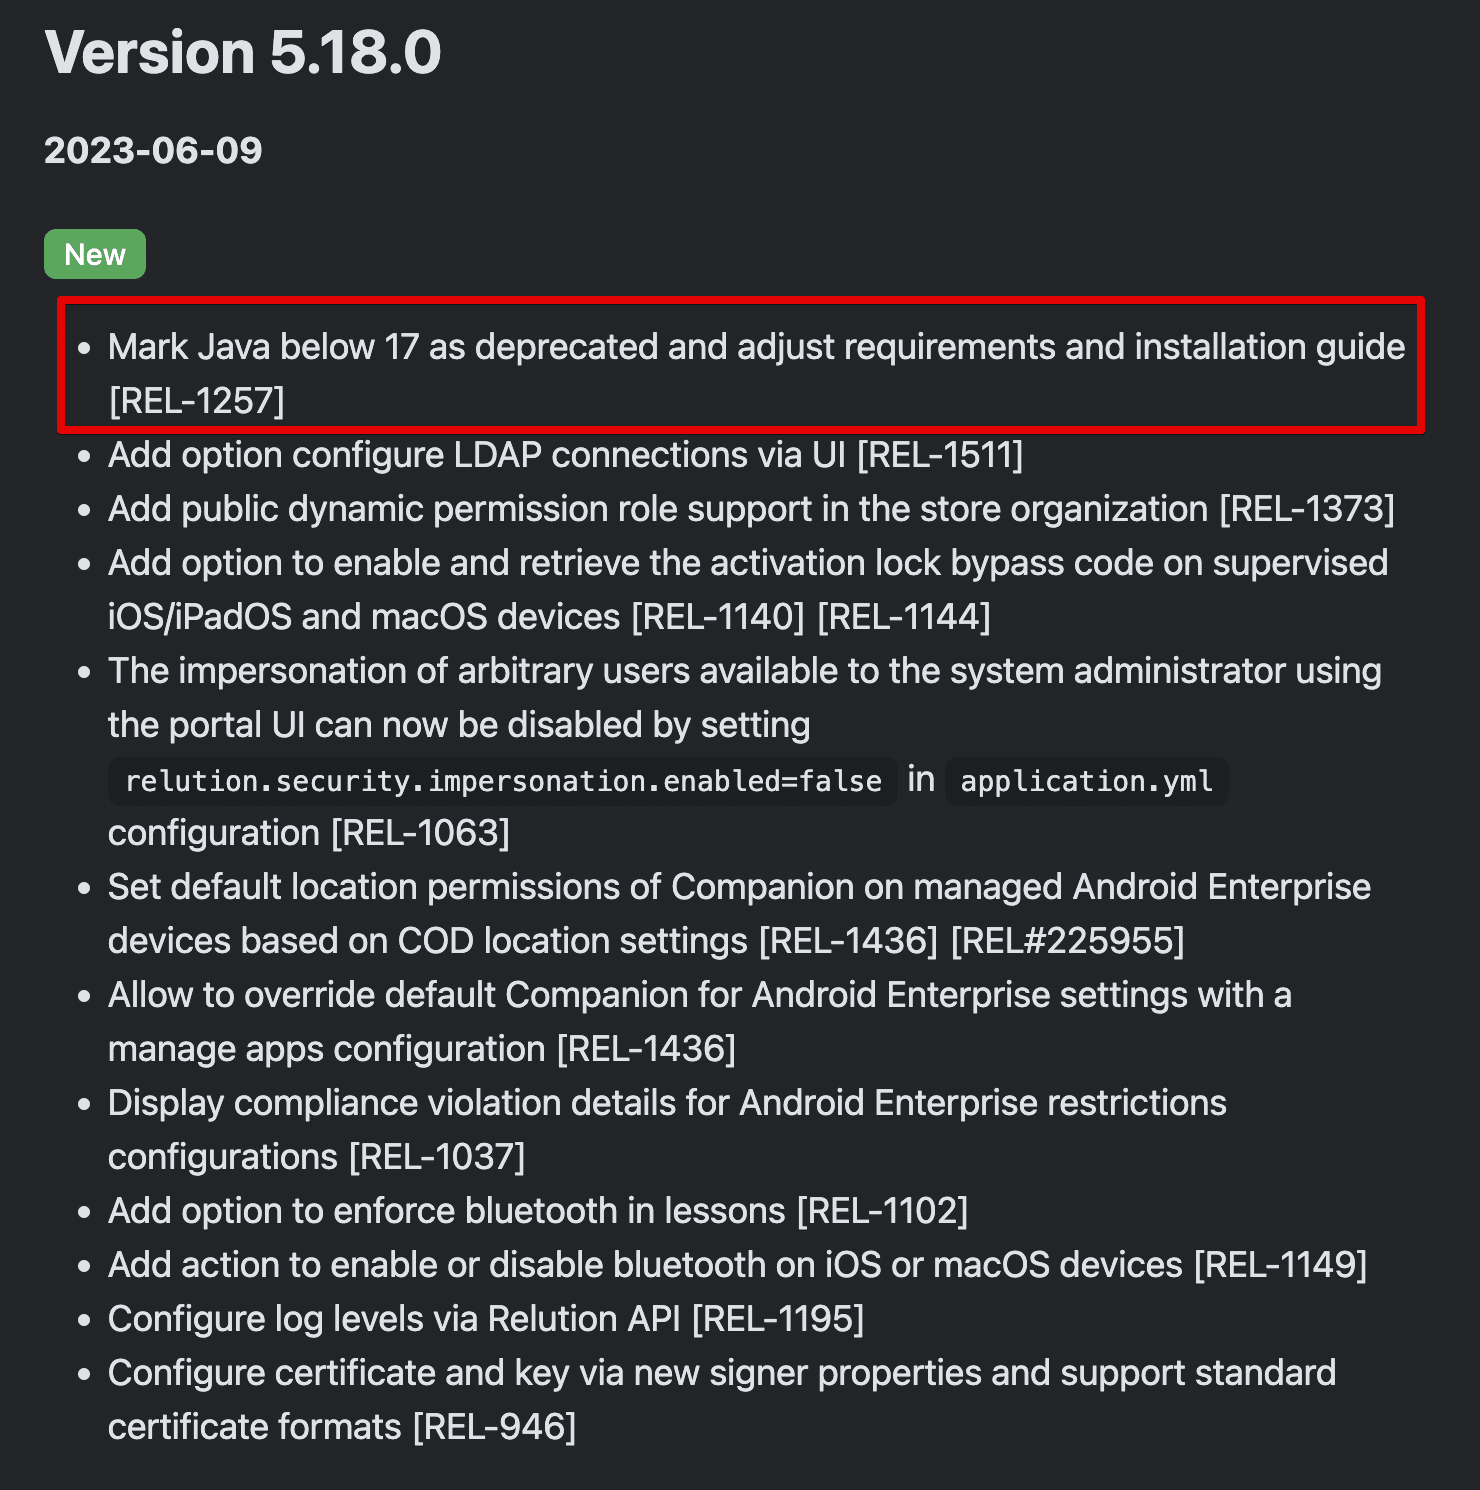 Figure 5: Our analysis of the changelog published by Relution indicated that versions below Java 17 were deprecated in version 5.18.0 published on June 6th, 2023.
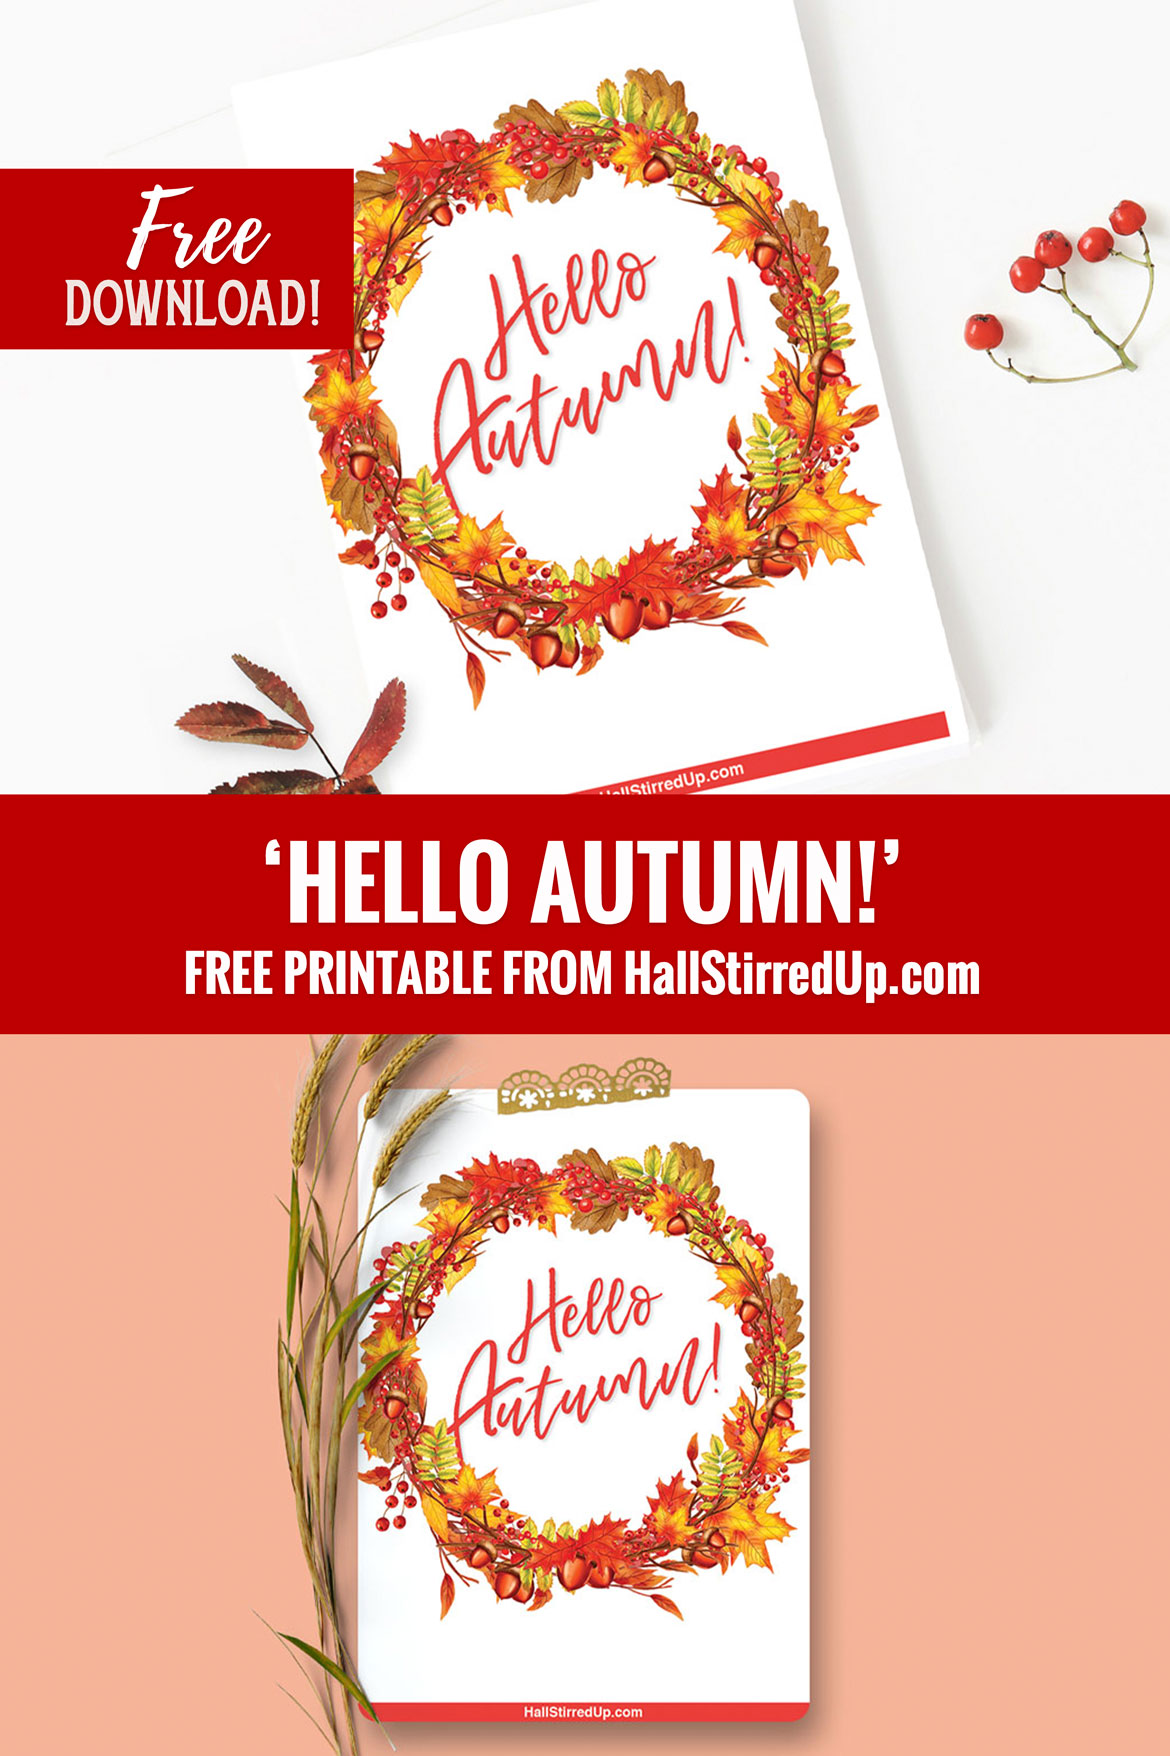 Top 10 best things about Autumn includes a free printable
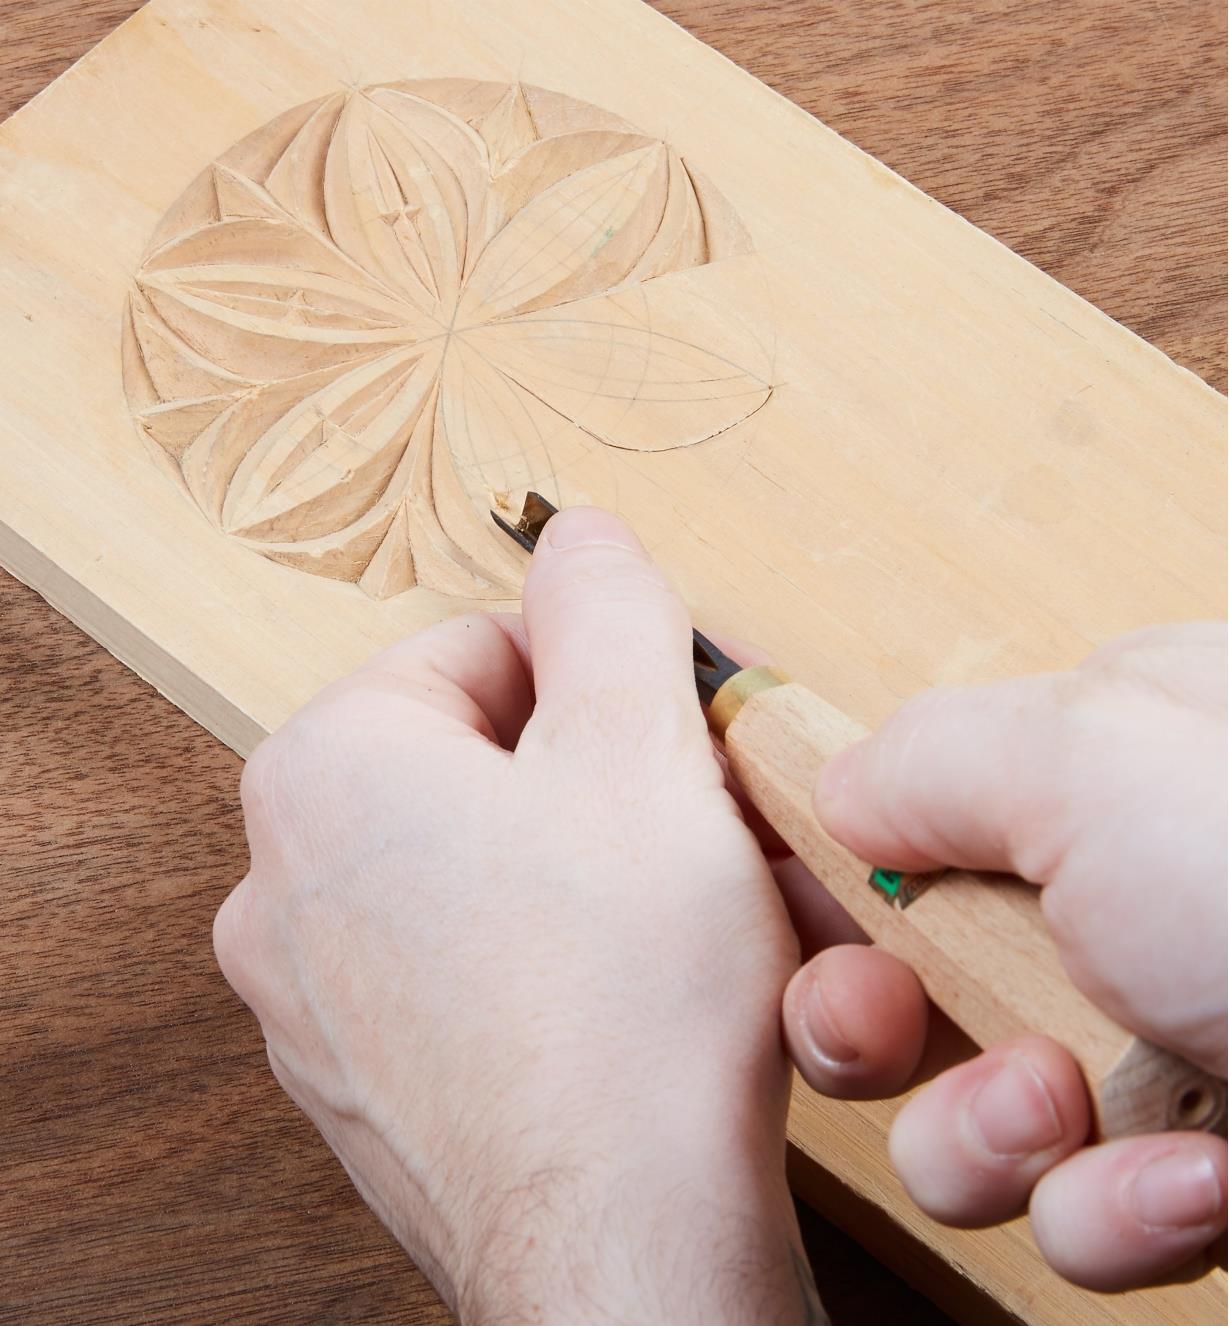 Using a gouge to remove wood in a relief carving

Exercise brief - In the reply, each line of the data must appear exactly as written, and no picture may appear.

Written answer -
 Figure 5: Our analysis of the changelog published by Relution indicated that versions below Java 17 were deprecated in version 5.18.0 published on June 6th, 2023.
 Top 10 best things about Autumn includes a free printable
 Using a gouge to remove wood in a relief carving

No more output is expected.